Yes. The four people still have an equal chance of being the one whose number is called. That is still fair odds for each entrant, despite the accidental fail state added.
"Rigged" means that the results are being manipulated to guarantee a particular outcome, which is not what is happening in the example you are giving. It is still fully random and nobody has control over what number is produced to determine the winner.
This is randomness. It is simply one more factor of randomness as to which person won.
The roulette wheel got spun slightly harder or softer, and the difference in momentum changes the winner.
The person holding the box of paper raffle tickets shook it up-and-down instead of left-to-right. Maybe they spun the box around. Someone else's ticket could have been picked if it was facing the other way! Or if the person picking the winner moved their hand an inch to the right!

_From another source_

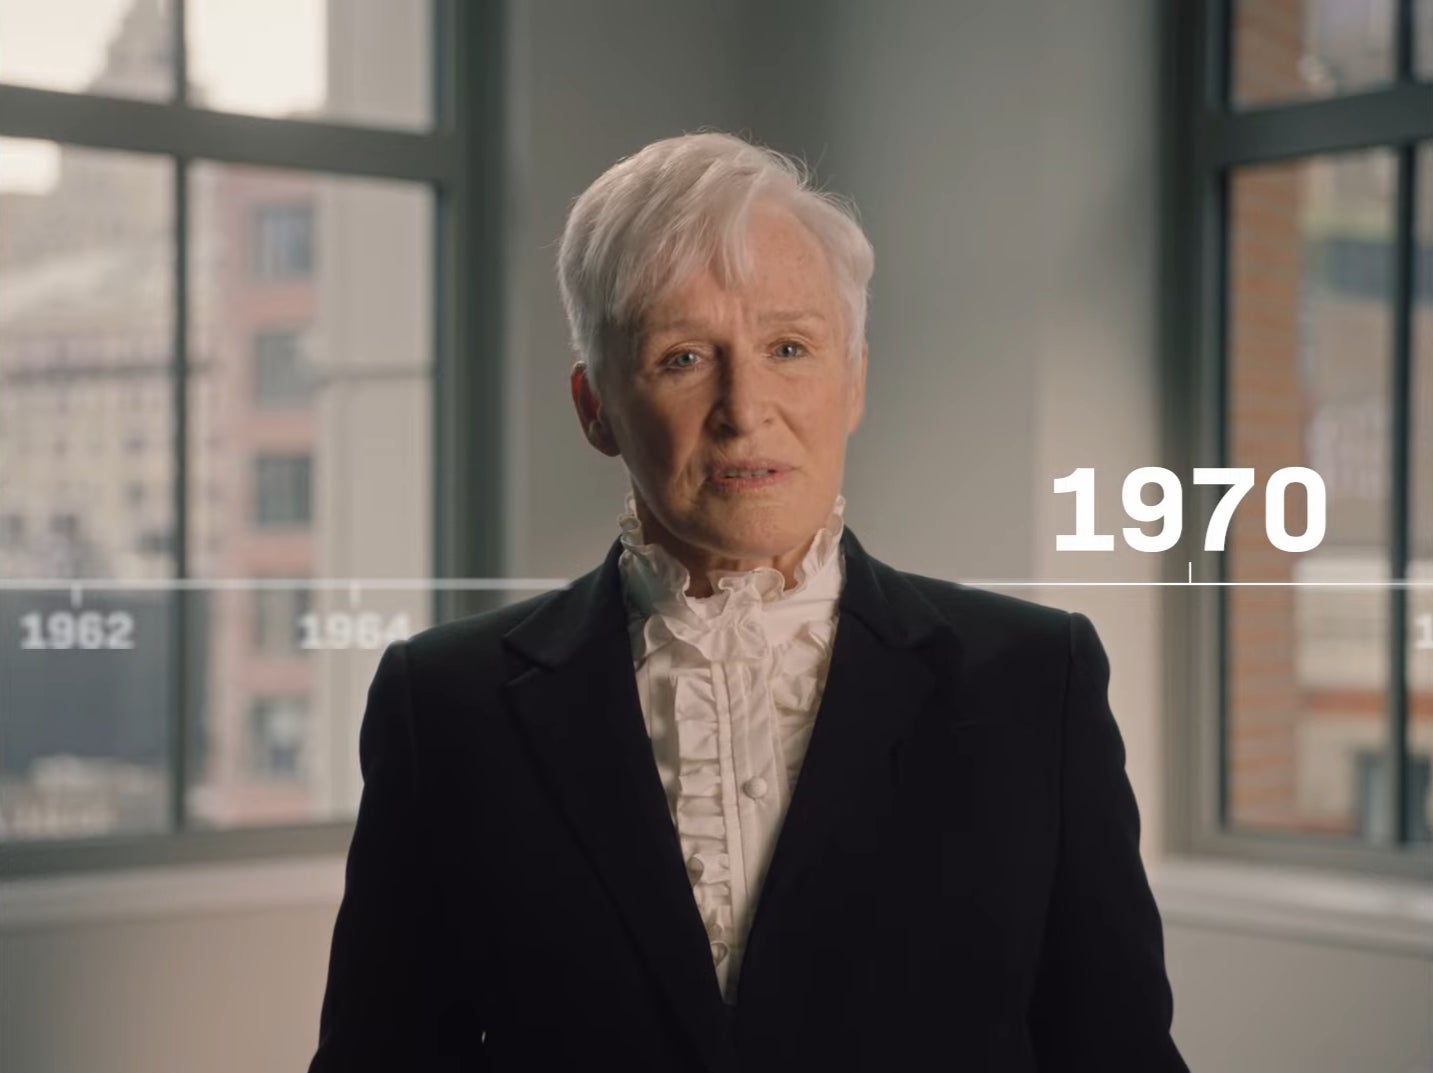 Glenn Close appears in The Speeches by RE:TV

Random is not perfectly random, and all random chance draws are going to be shifted around by the factors that produce the numbers. But what matters is that all entires have an equal chance and nobody can predict (or alter) and take advantage of which random number the system is going to spit out.

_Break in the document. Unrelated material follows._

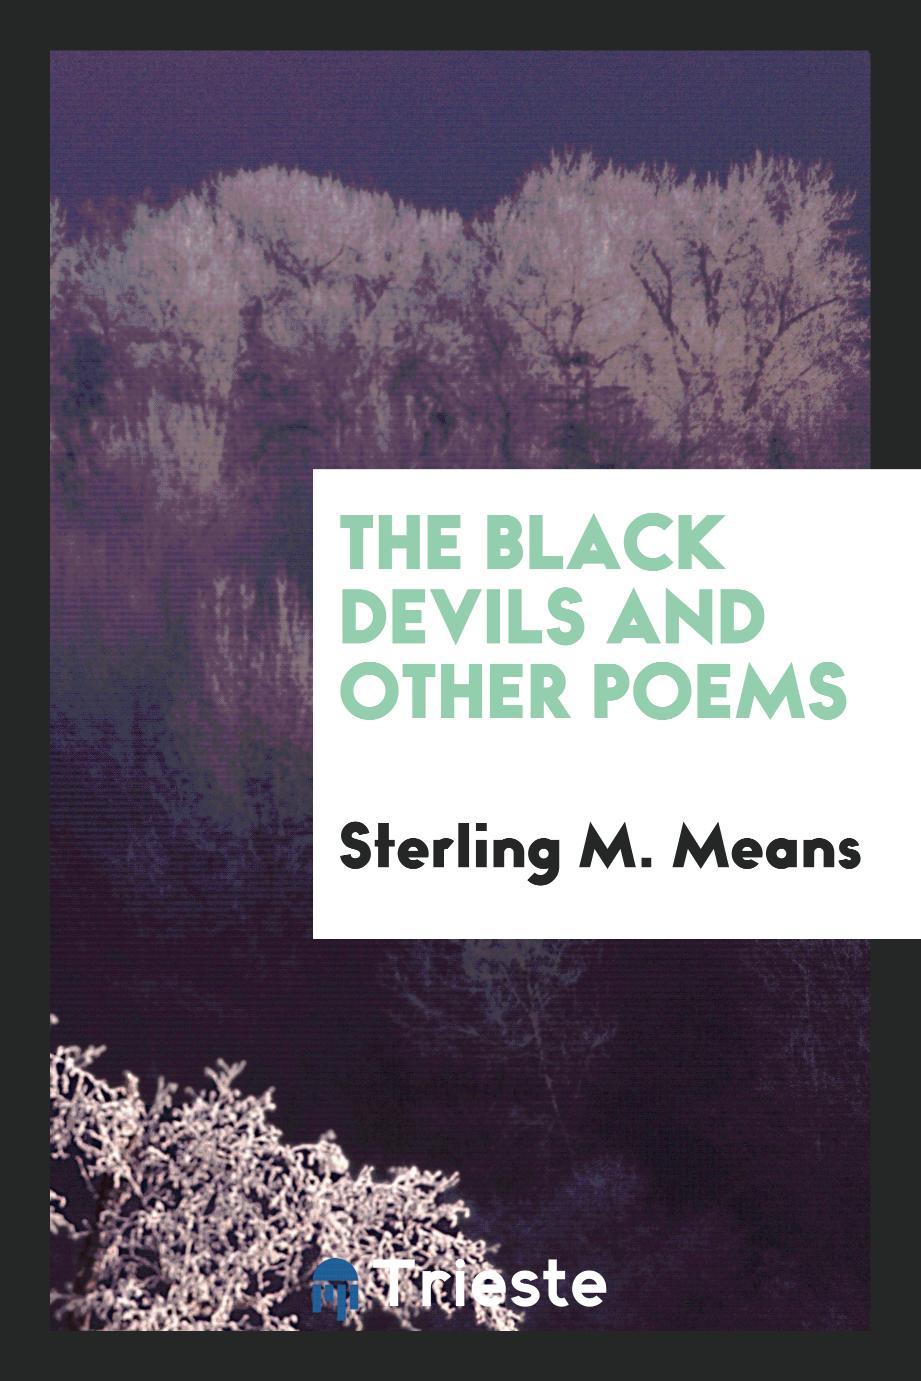 The Black Devils and Other Poems

A scam requires malice. It's not a scam unless they then shrug and say "too bad, you lost the raffle and the system is working as intended" – which is not the case here. They're looking to fix what went wrong.
Even if it's a more complicated programming error like Packetdancer is suggesting (thankyou for that explanation; it does sound plausible!) it's still not a scam. It is a glitch. An error. A mistake. They are not trying to rob you of your gil or manipulate the results. At most, a second lottery needs to be run to determine a winner for the plot.
The error only came to light because the lotteries stopped at zero instead of trying to reroll. If they had kept retrying until they produced a valid ticket, and every lottery now had a winner, would you need to see the lottery programming to confirm it was fair? If so, why was nobody asking a week ago to see the code? We just assumed it was going to be random (or pseudorandom) and if it hadn't generated these odd results, we never would have known a difference as long as there was a winner.